Required work. Write out word for word the lines from the one holding "Petite Slinky Mini" through the end of the data, and only those lines. Pictures stay out.

Exercise data.
● ● ● ● ●
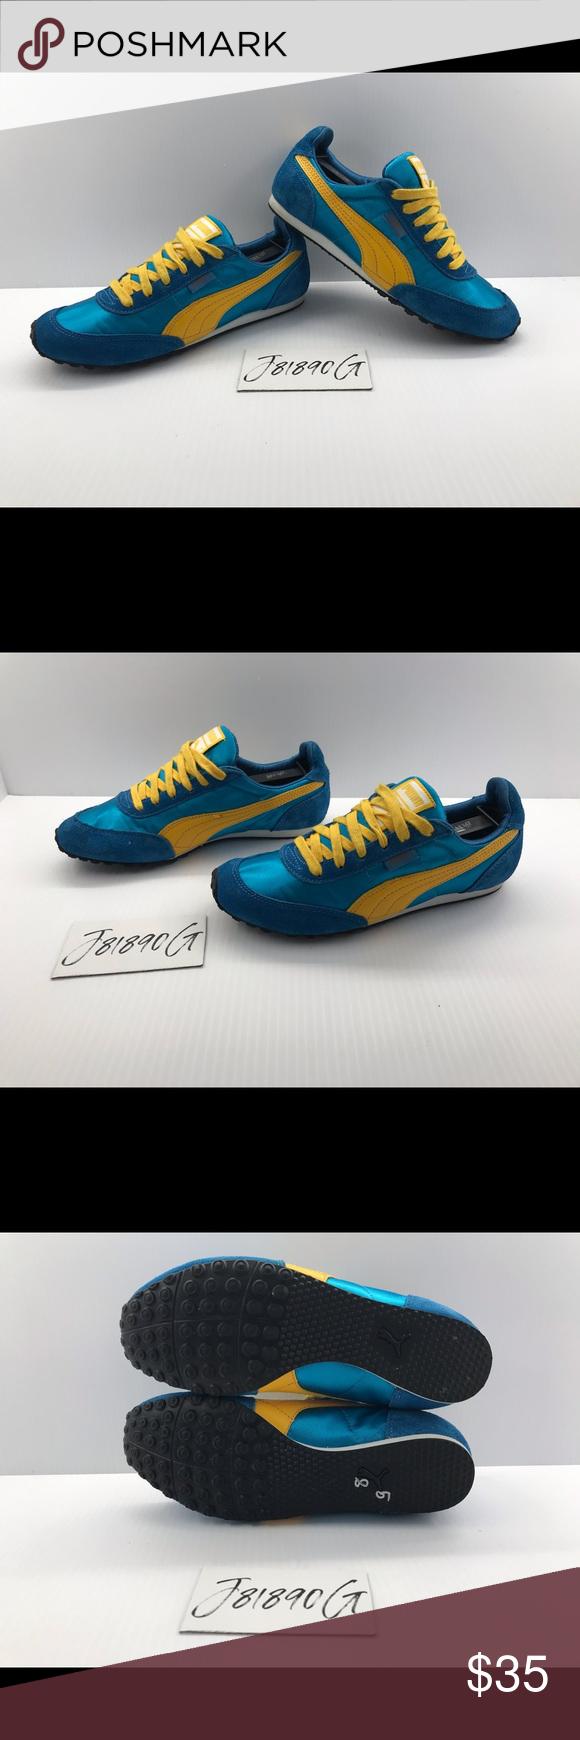 blue and yellow pumas
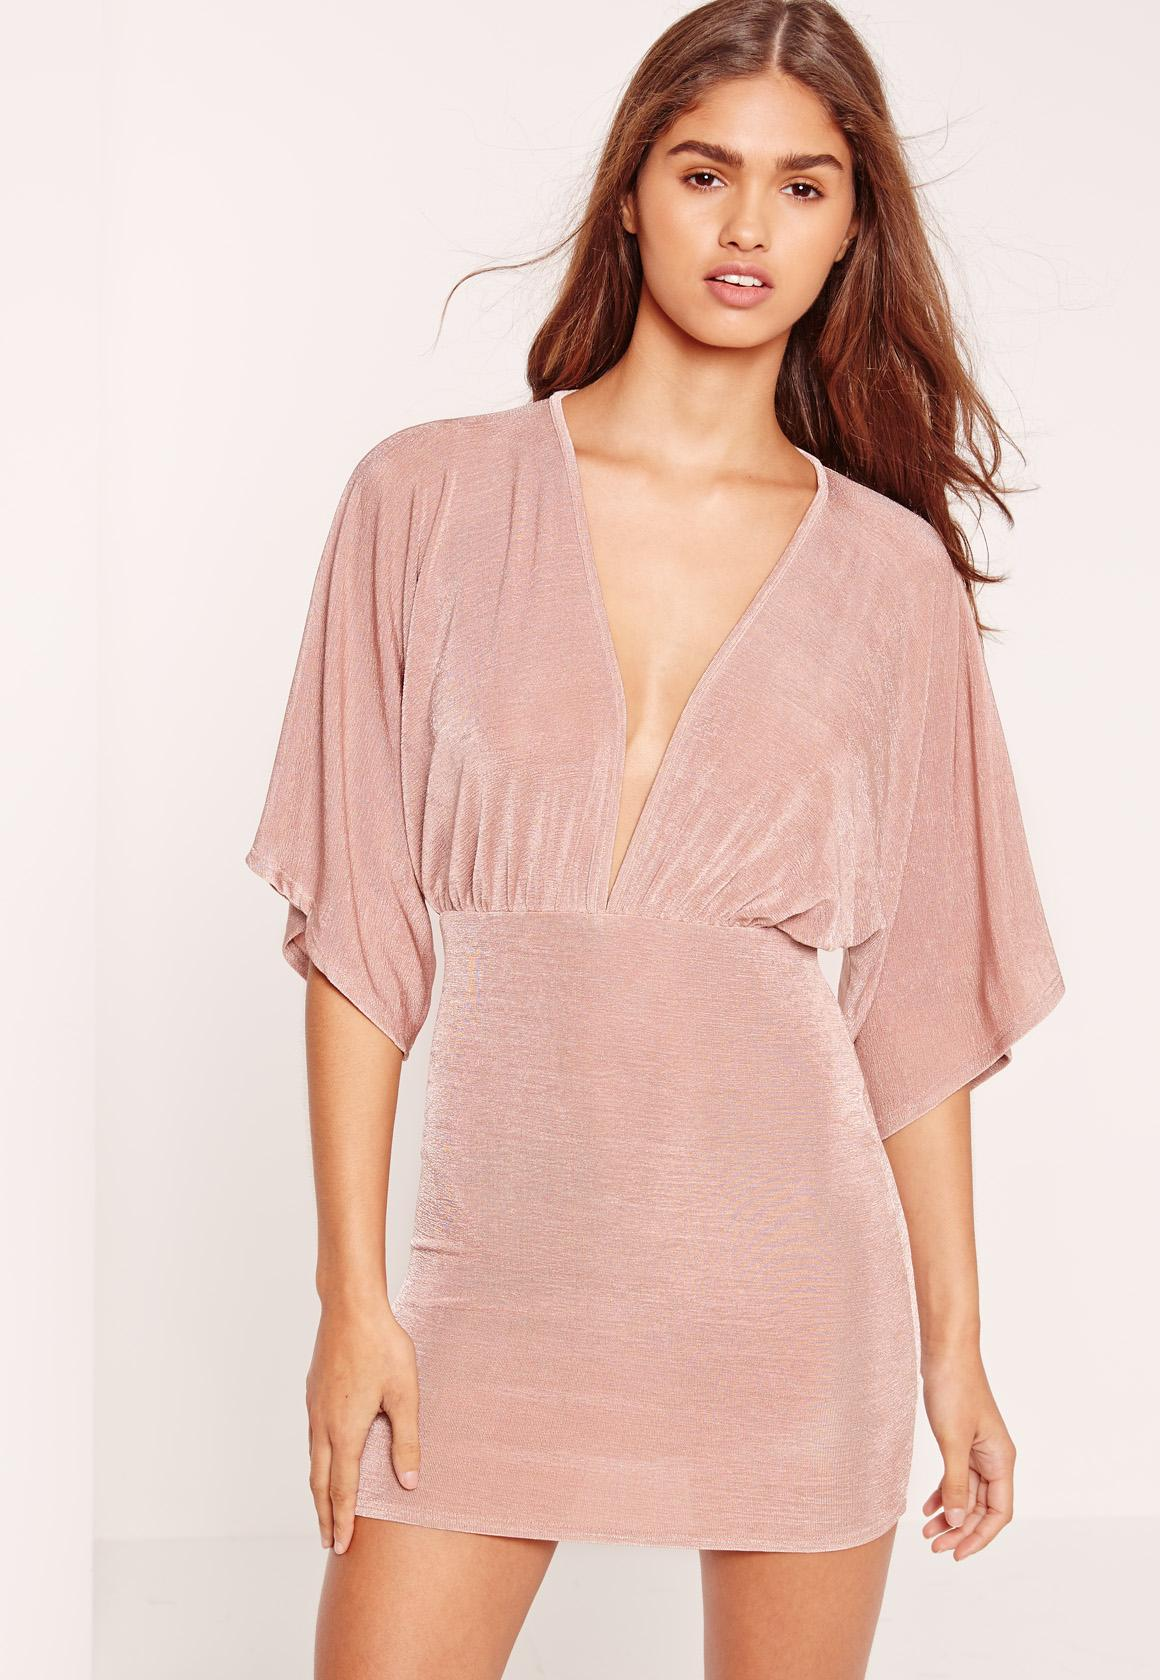 Petite Slinky Mini Dress Pink  59d9c9c9c7f
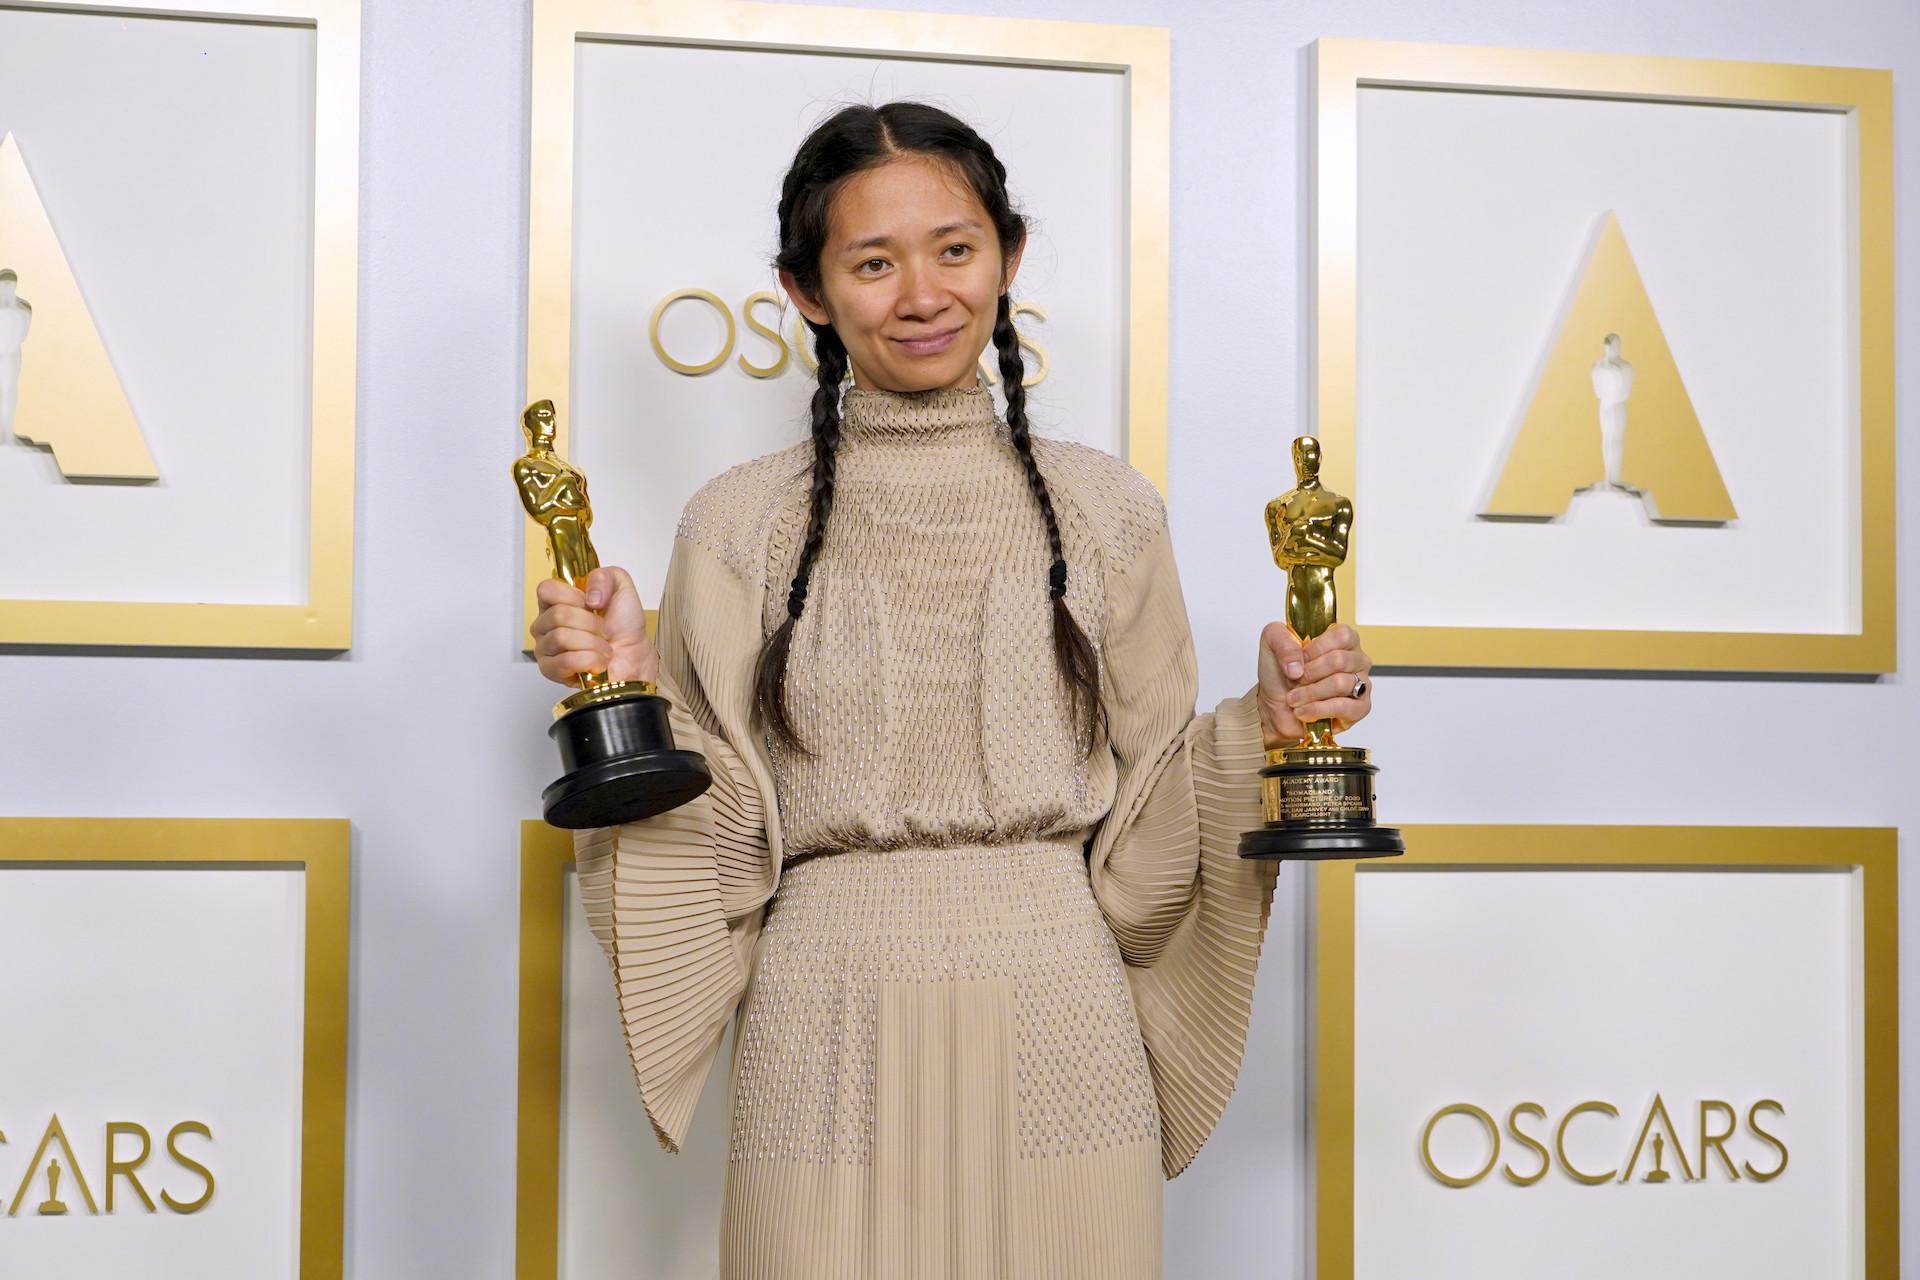 The 2021 Oscar Winners
● ● ● ● ●
Result.
 Petite Slinky Mini Dress Pink  59d9c9c9c7f
 The 2021 Oscar Winners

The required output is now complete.